Exercise aim -
Once you reach the line with "Shapewear TNG Scrunchies" in the material below, copy each line exactly up to and including the line with "The new Mandarin Oriental key card", and skip the pictures.

Source records -
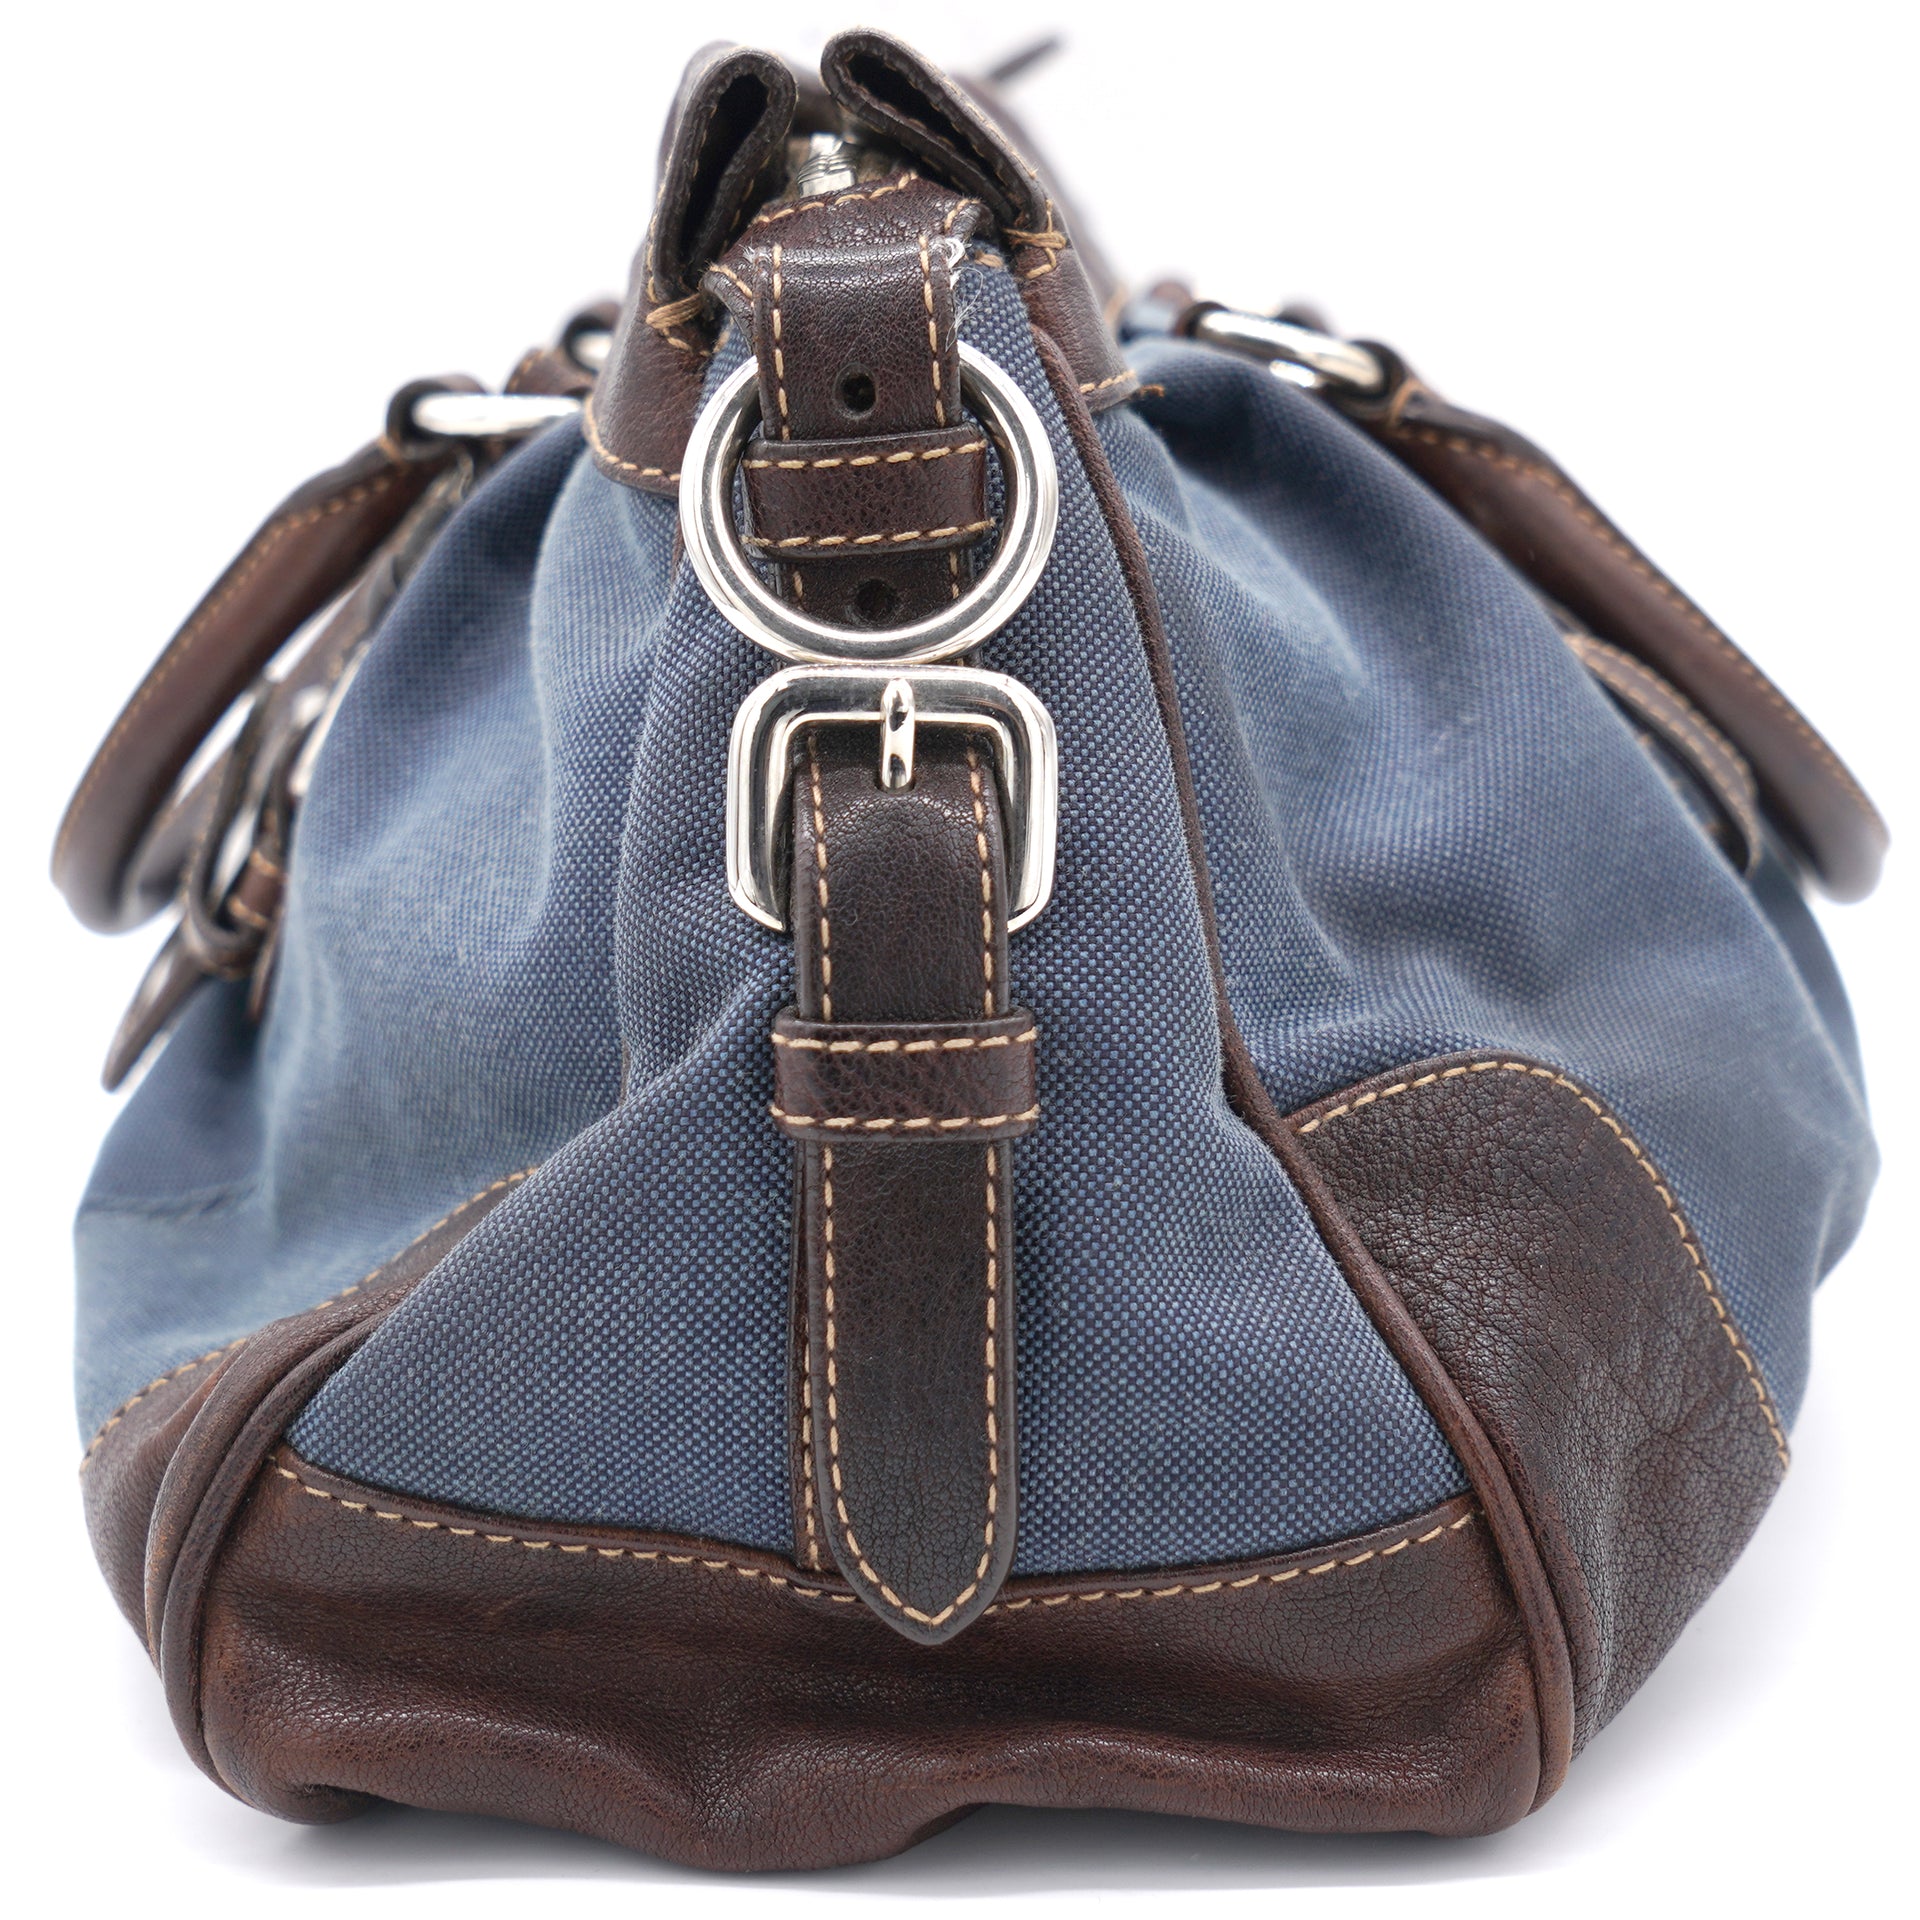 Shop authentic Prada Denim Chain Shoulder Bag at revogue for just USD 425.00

* * *

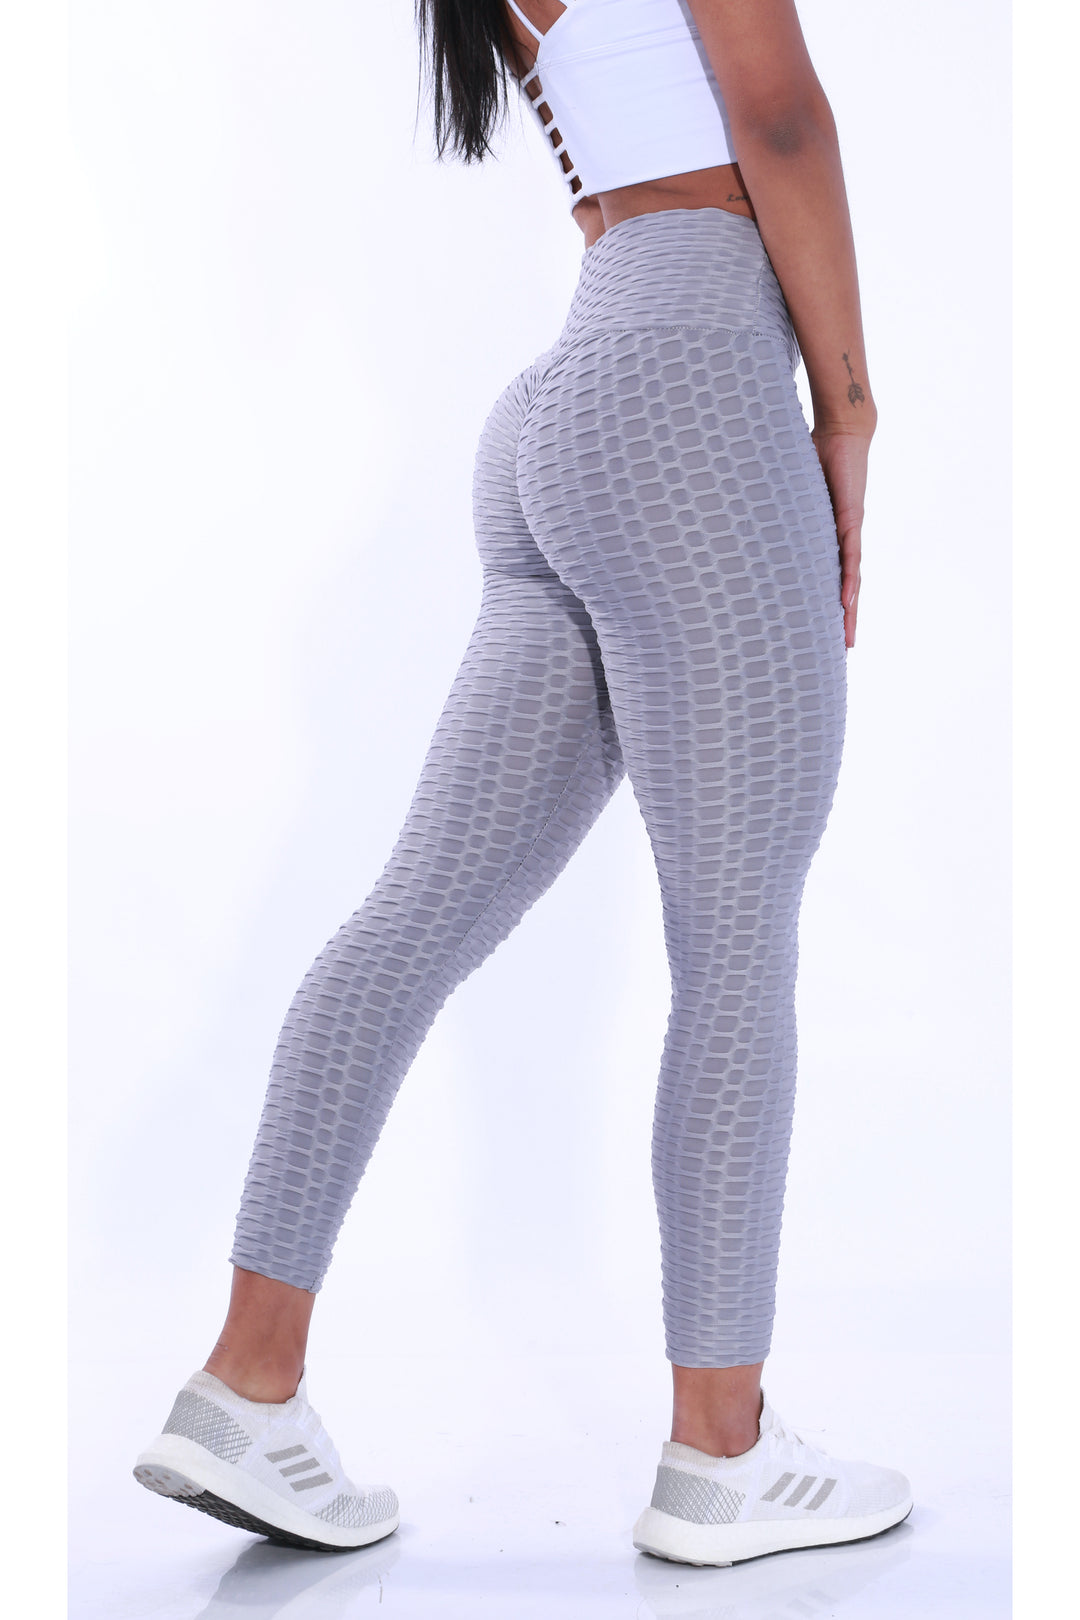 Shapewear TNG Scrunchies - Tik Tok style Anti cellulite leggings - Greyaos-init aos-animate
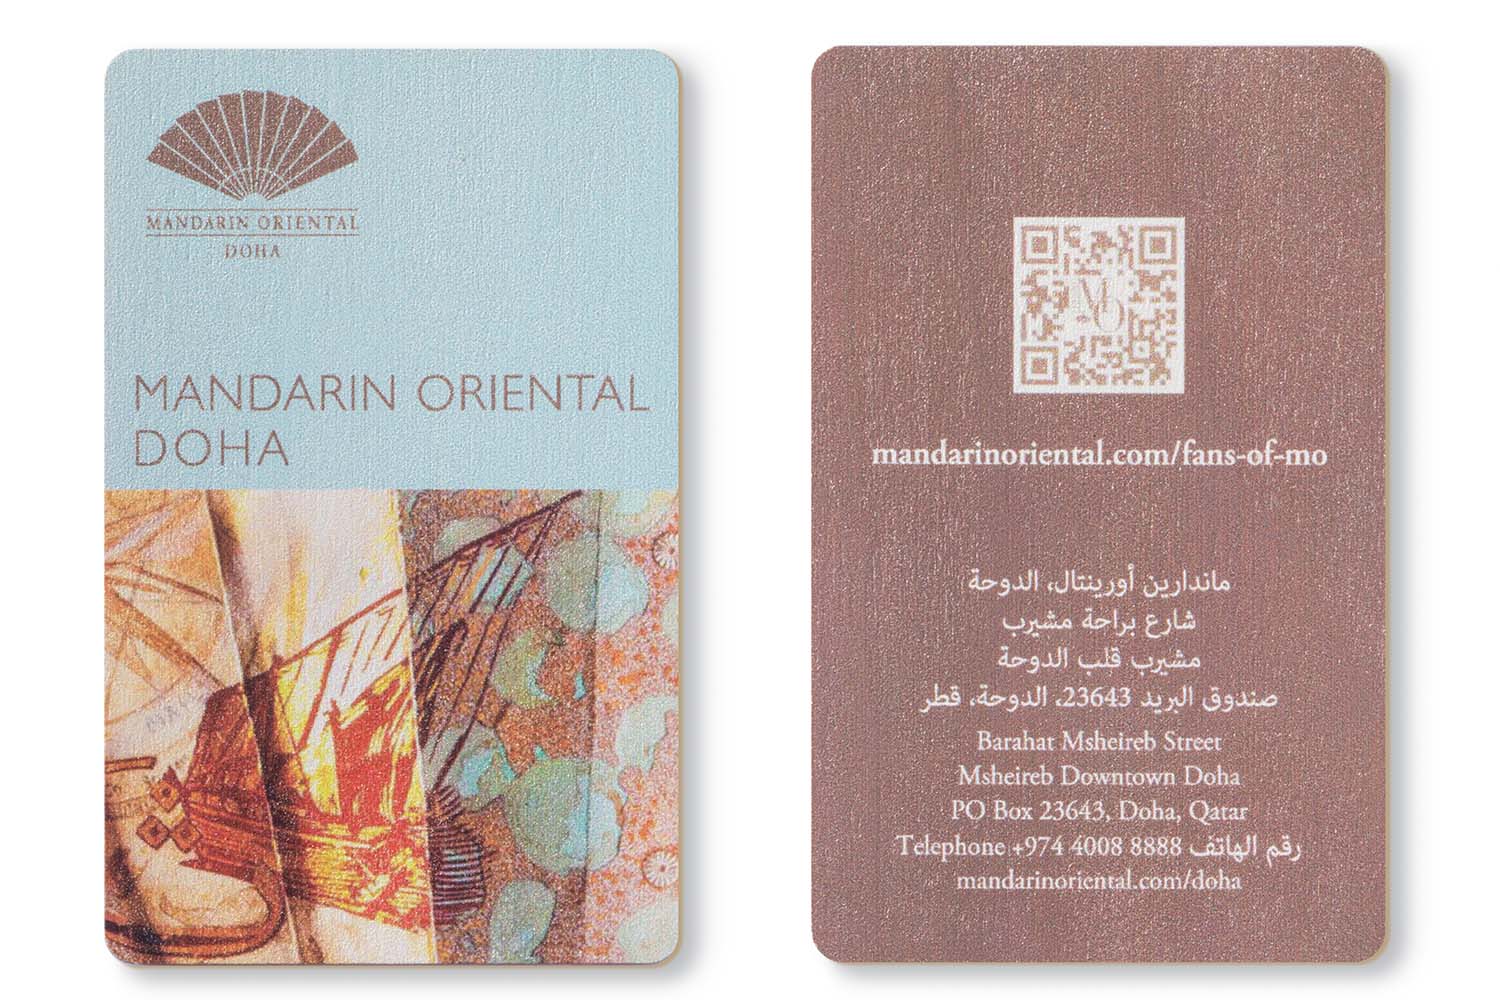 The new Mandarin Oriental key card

Written response -
 Shapewear TNG Scrunchies - Tik Tok style Anti cellulite leggings - Greyaos-init aos-animate
 The new Mandarin Oriental key card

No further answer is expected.